DATA IN THIS EXERCISE:
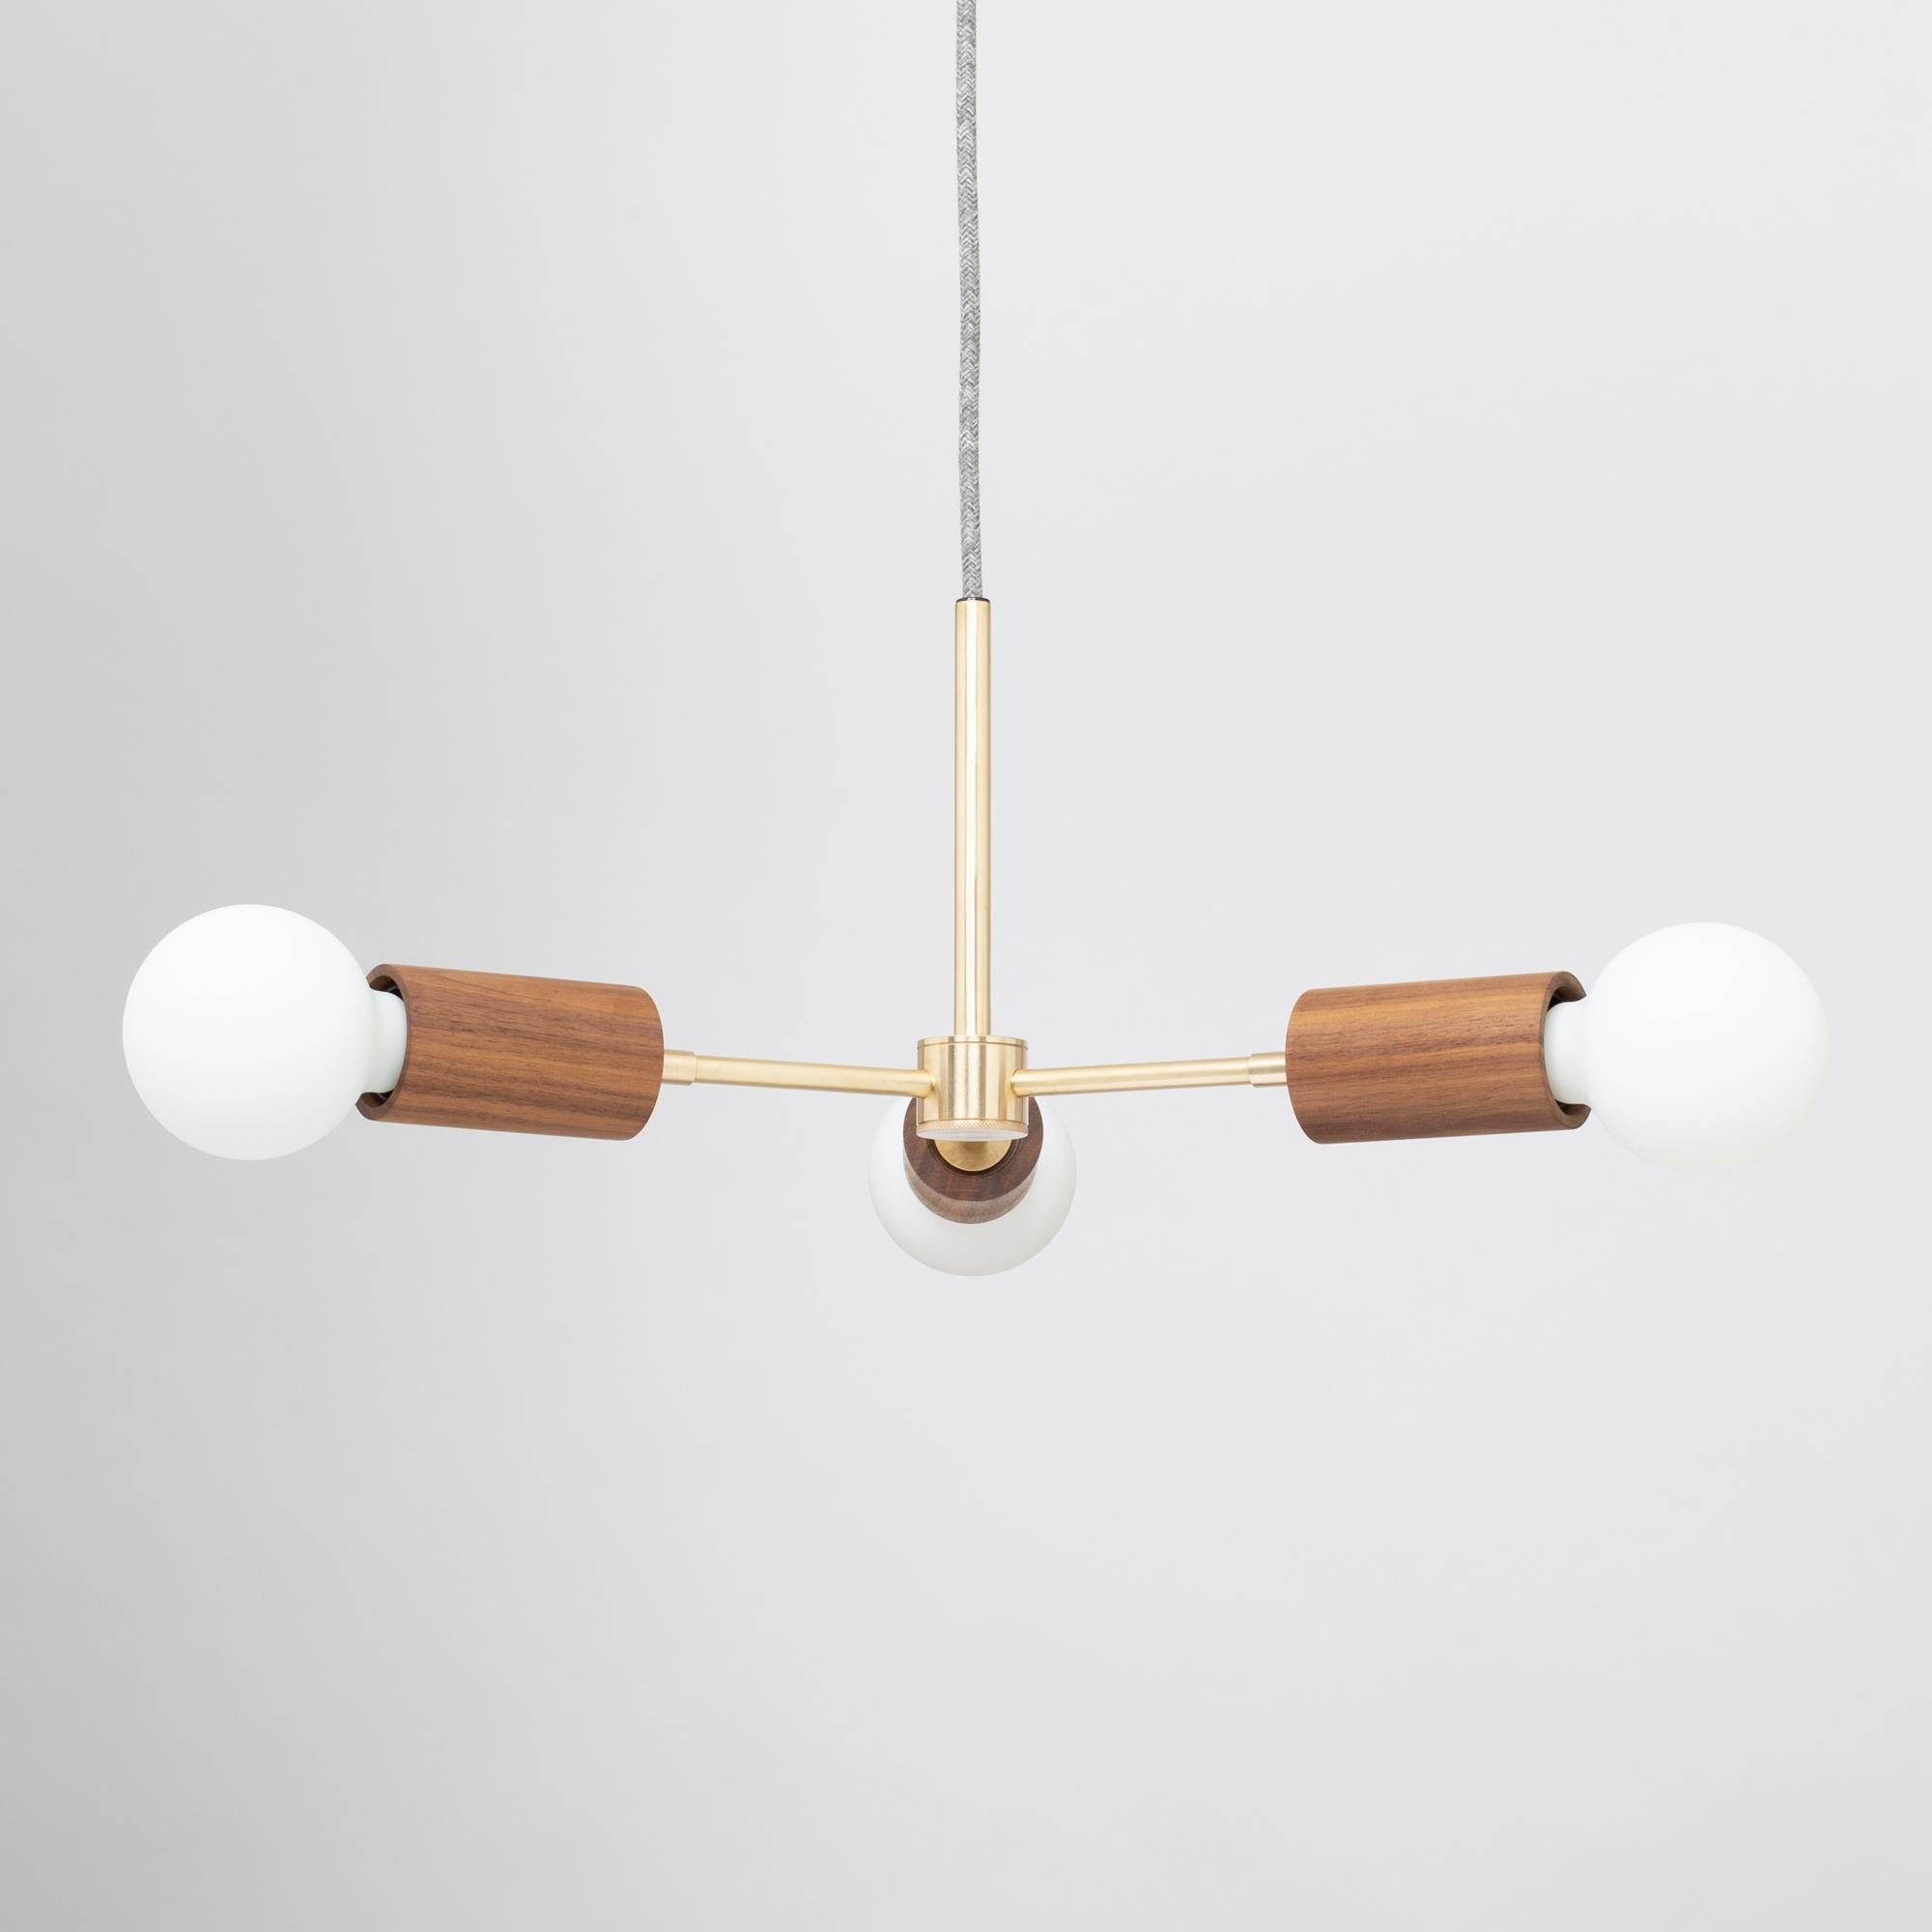 Triple Arm Walnut Pendant
Oak or Walnut options available 
2000K - 2800K 95CRI
1800 Dim to Warm Lumens
Sphere III bulbs included
Satin Brass lacquered finish
Fabric cable 
Custom drop from ceiling supplied
Handcrafted in UK.

PROBLEM:
Which lines run from the one containing "Fabric cable" through the end of the material? Output exactly those lines and no others.

EXERCISE OUTPUT:
Fabric cable 
Custom drop from ceiling supplied
Handcrafted in UK.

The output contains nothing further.